Эка честь! Срединники спрашивали дозволение рот открыть разве что при Посаднике, да и то не потому, что обычай блюли, а потому что тот был скор на расправу.

– Отчего же не дозволить…

Но шляху того оказалось мало, он ждал.

– Нэ так скажи, – посоветовал Шатай. – Скажи, «говори со мной».

– Говори со мной, – повторила Крапива.

Одноглазый развязал горло сумы, сыпанул из неё крупы в висящий на треноге котелок, перемешал и лишь потом продолжил:

– Мэня звать Кривой. Ты пошла с нами из селэния?

– Да.

Свет пламени делал глубже морщины на его лице.

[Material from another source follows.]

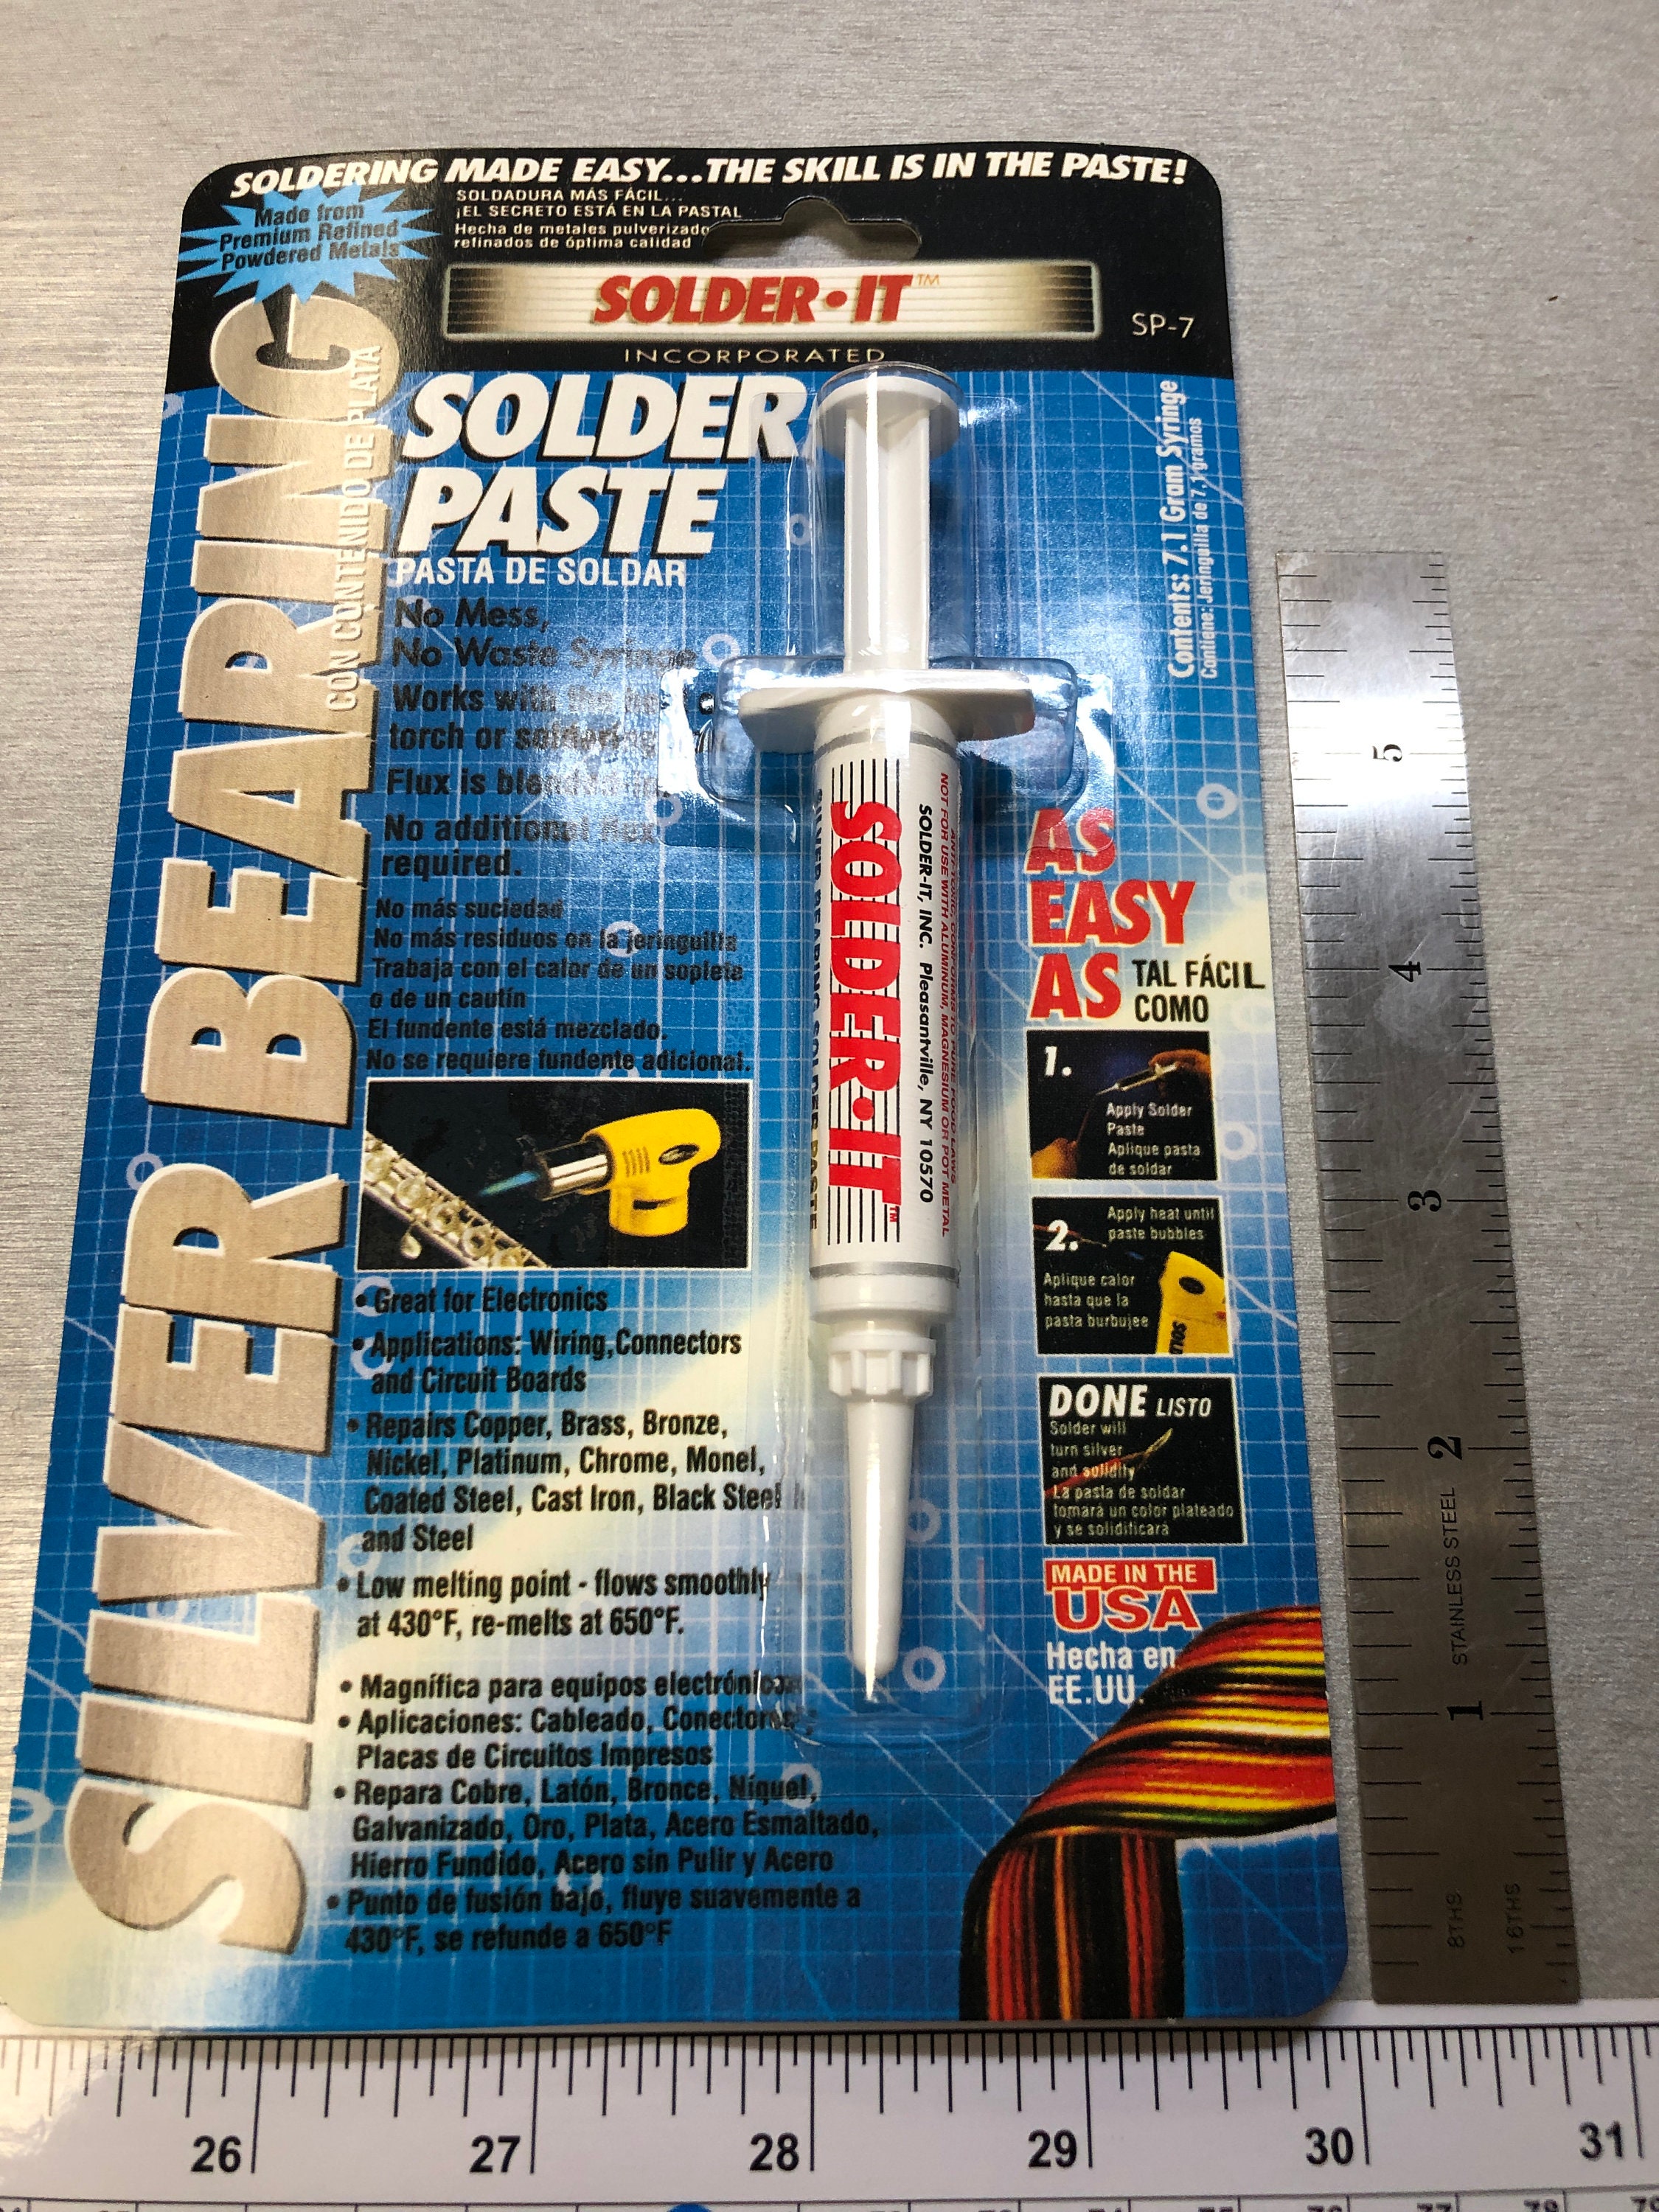 Solid 14K Gold Solder Wire Super Easy Easy medium Density .071 DWT

Кривой нахмурил лоб и стало видно, что он не молод.

– Почэму?

Крапива и себя-то об этом спрашивала, да ответить боялась. Она сцепила зубы.

– Нет мне жизни в деревне.

Кривой повременил, зачерпнул длинной ложкой из котелка, попробовал, добавил соли. Крапива ждала, что молвит.

– Почэму?

– Хворобная я… – Шлях с перевязанным бедром напоказ отодвинулся, и Крапива торопливо добавила: – Не заразная. Но… Коснуться никого не могу. Боги сделали так, что кожа моя жжётся.

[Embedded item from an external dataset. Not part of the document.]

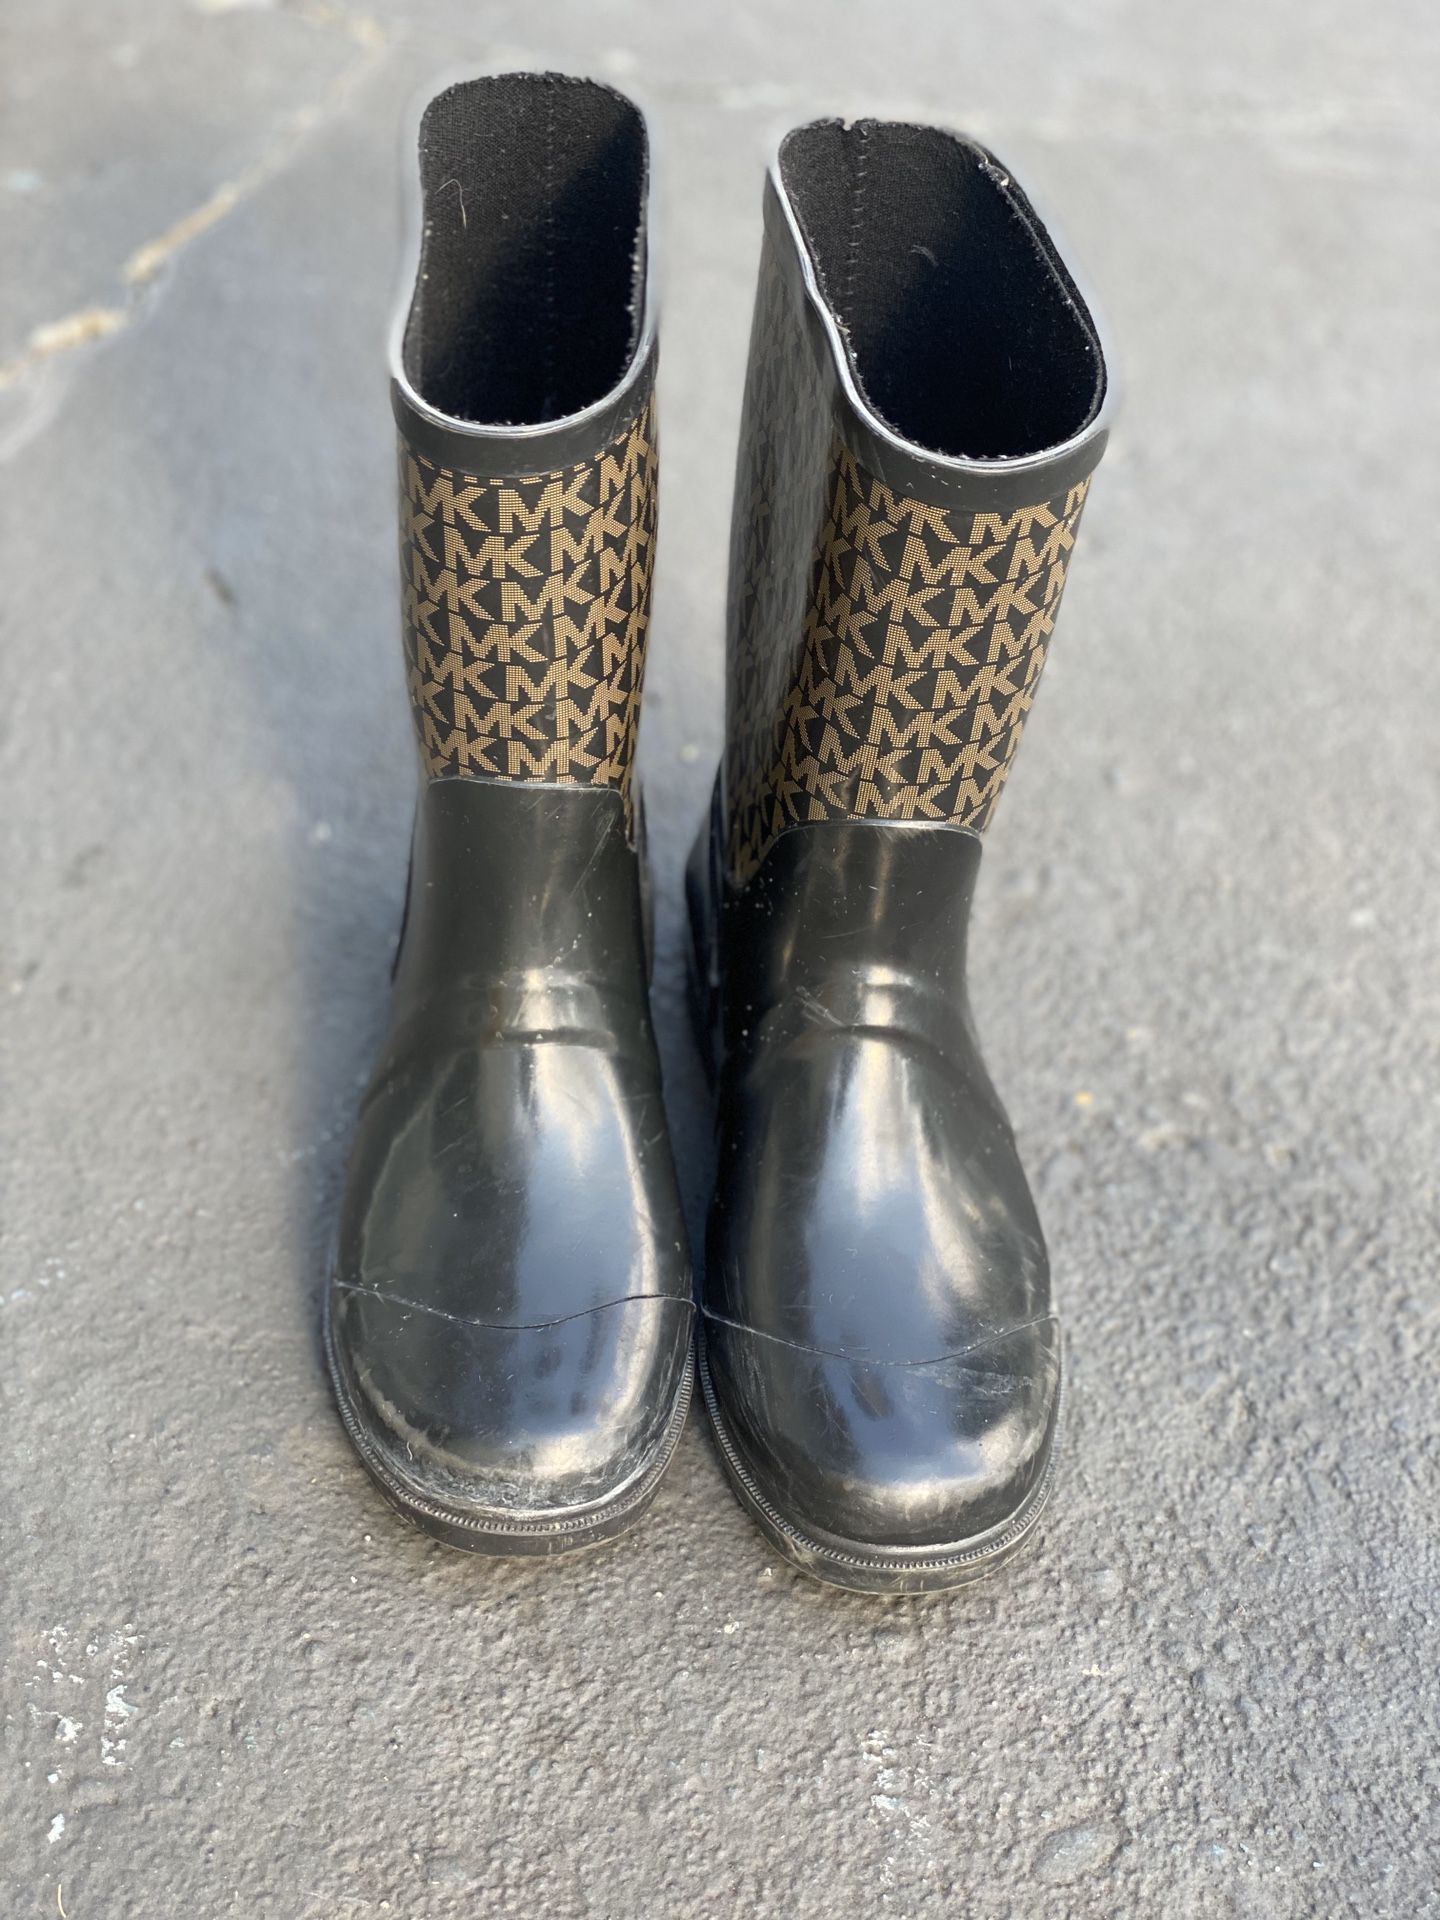 Big girls- MK rain boots

Третий шлях плюнул на две стороны и рявкнул:

– Аэрдын!

Шатай же пнул его ногой и хохотнул.

– Сам ты аэрдын! Это благословение Рожаницы! Чтоб такие, как ты, нэ распускали рук!

Крапива испугаться не успела, как раненый засмеялся в ответ и тоже пихнул Шатая. Тогда она осмелела.

– Я просилась с вами, потому что слыхала, шляхи не касаются своих женщин…

– Ещё как касаются! – перебил Шатай. – С дозволэния, но так, что жэнщины кричат от счастья!

В свете огня и без того всё казалось рыжим, но Крапива совсем уж покраснела.

– Ты сэла в сэдло нашего Шатая, – заметил одноглазый. – Знаешь ли, что это значит?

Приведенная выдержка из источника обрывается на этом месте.